GLORIA CAVALERA is one of metal music’s most successful managers. In this rare interview and web exclusive, she discusses her career, both with SEPULTURA and SOULFLY.

 
 
 

   GLORIA CAVALERA is a bit of an enigma. Married to one of metal music’s greatest icons, Max Cavalera, she is the woman who has been at his side throughout his successful music career, the manager who catapulted Sepultura onto the world stage, and if some were to be believed, the reason behind one of the biggest splits in metal music history. While her name may be familiar, she chooses to stay firmly in the background but not for one second is she in her husband’s shadow. This is a woman who has her own sense of purpose and has successfully carved out a career that has spanned some 23 years. In person she is warm, welcoming and funny, extremely down to earth and also very open as we talk about some of her experiences.
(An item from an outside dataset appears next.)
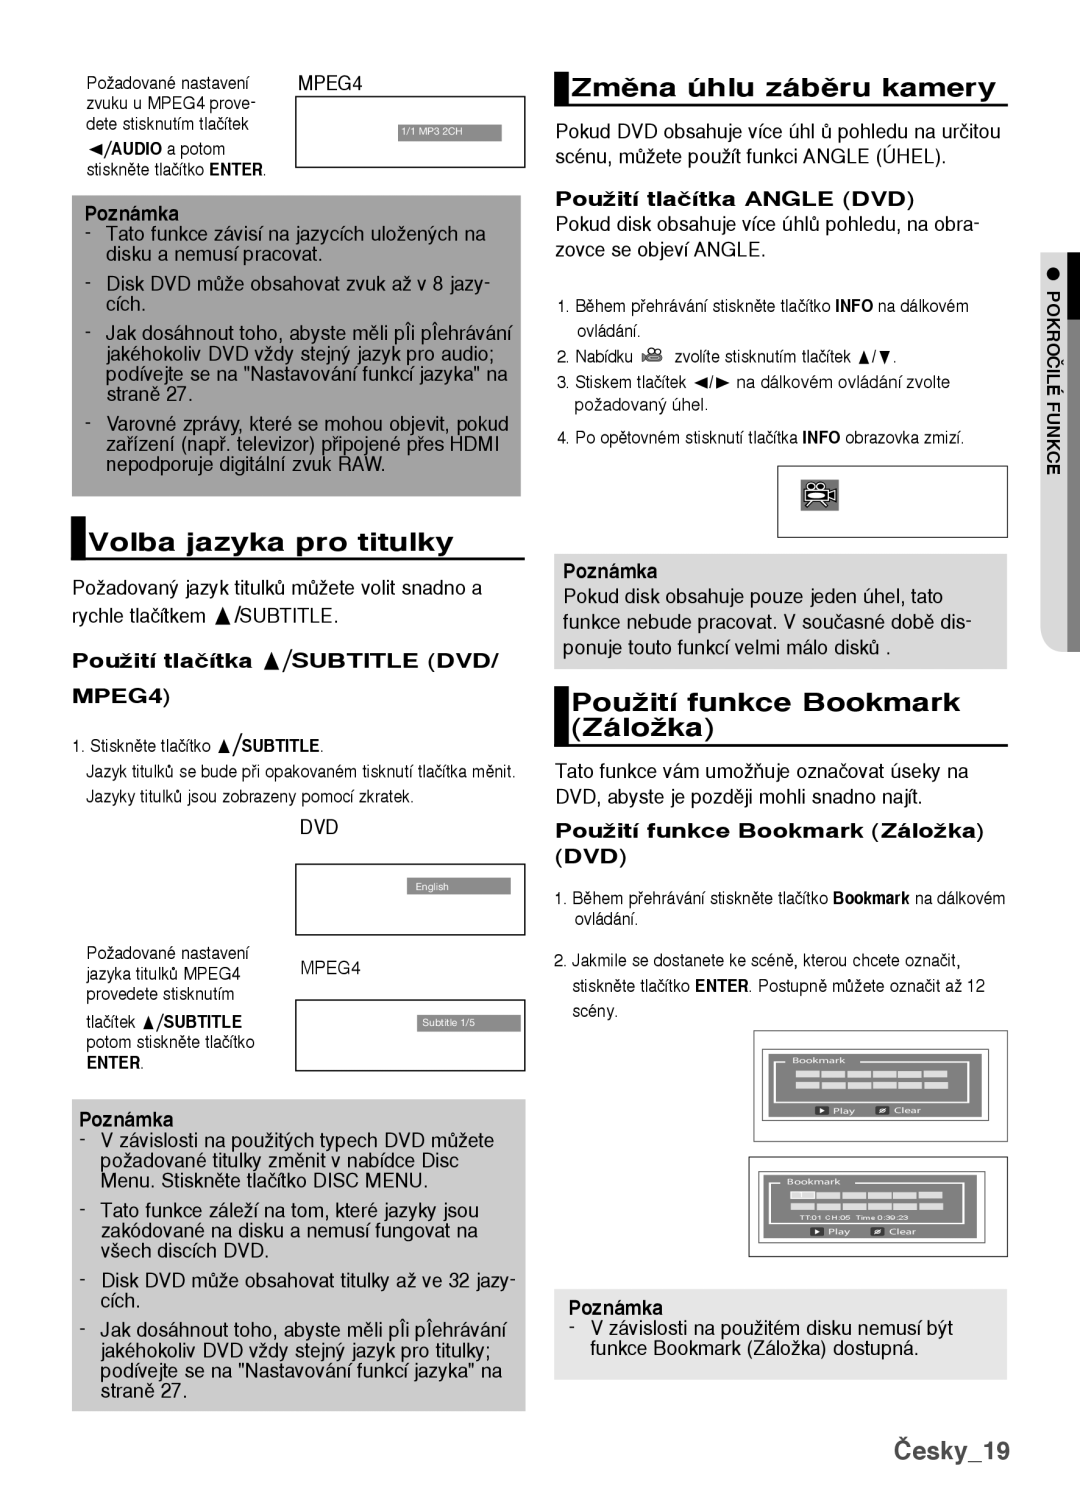 Samsung DVD-H1080/EDC manual Zmûna úhlu zábûru kamery, Volba jazyka pro titulky, PouÏití funkce Bookmark ZáloÏka, Česky19 
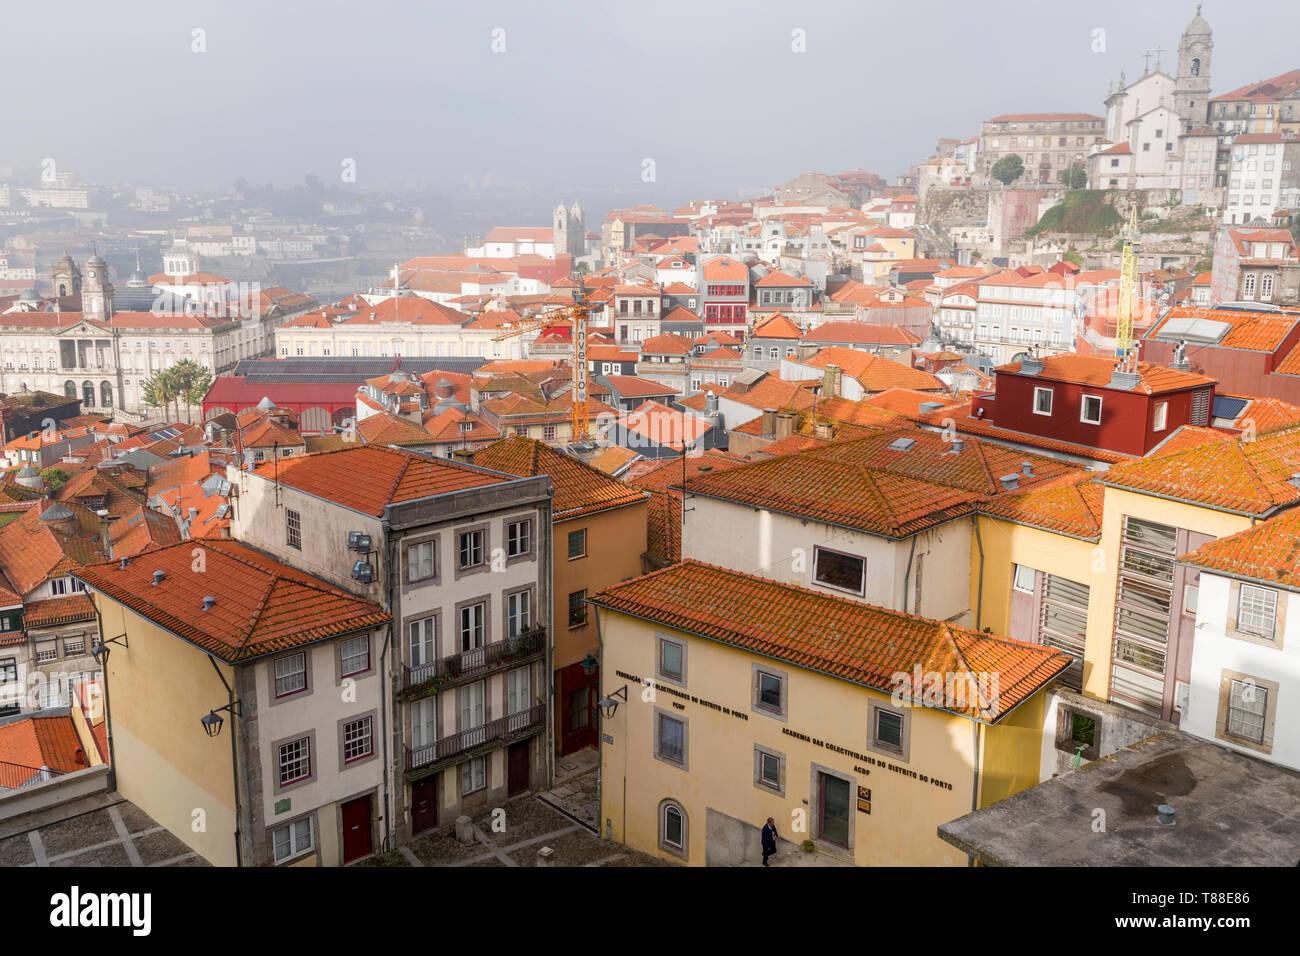 Vieille ville de Porto. Vue de plaza en face de la cathédrale de Porto. Porto, Portugal Banque D'Images

“It was in '86 that I started managing,” she tells me. “I started with a night club in '83. My brother bought a redneck pool bar in Phoenix and then one day this little garage band came in and said ‘can we play in the corner of the pool room?’, he was like ‘sure!’ He pushed the pool tables together put plywood on them and made that into a drum riser, then they just played and the club was packed. So my brother was like, ‘let’s do this all the time!’ We couldn’t afford to have big bands so we opened our club to all the garage bands and we didn’t really know what we were doing but it created this huge music scene in Phoenix because the garage bands never had a place to play. All of a sudden they had a place that only garage bands could play.”

 
 

Bands like Flotsam and Jetsam, Poison, Sacred Reich would all play at Bootleggers before they had records out and the club started to become increasingly popular, until one morning Gloria and her brother showed up at their venue only to find it all locked up. In America at that time, there was a big wave of the police closing down bars overnight she explains. They lost everything they had on the spot. So when Sacred Reich guitarist Jason Rainey called up some months later asking Gloria to manage them, she agreed.
“I hung the phone up and I looked at the kids, and said ‘what the hell does a manager do?’ I didn’t know anything at all and that was basically how I got started.”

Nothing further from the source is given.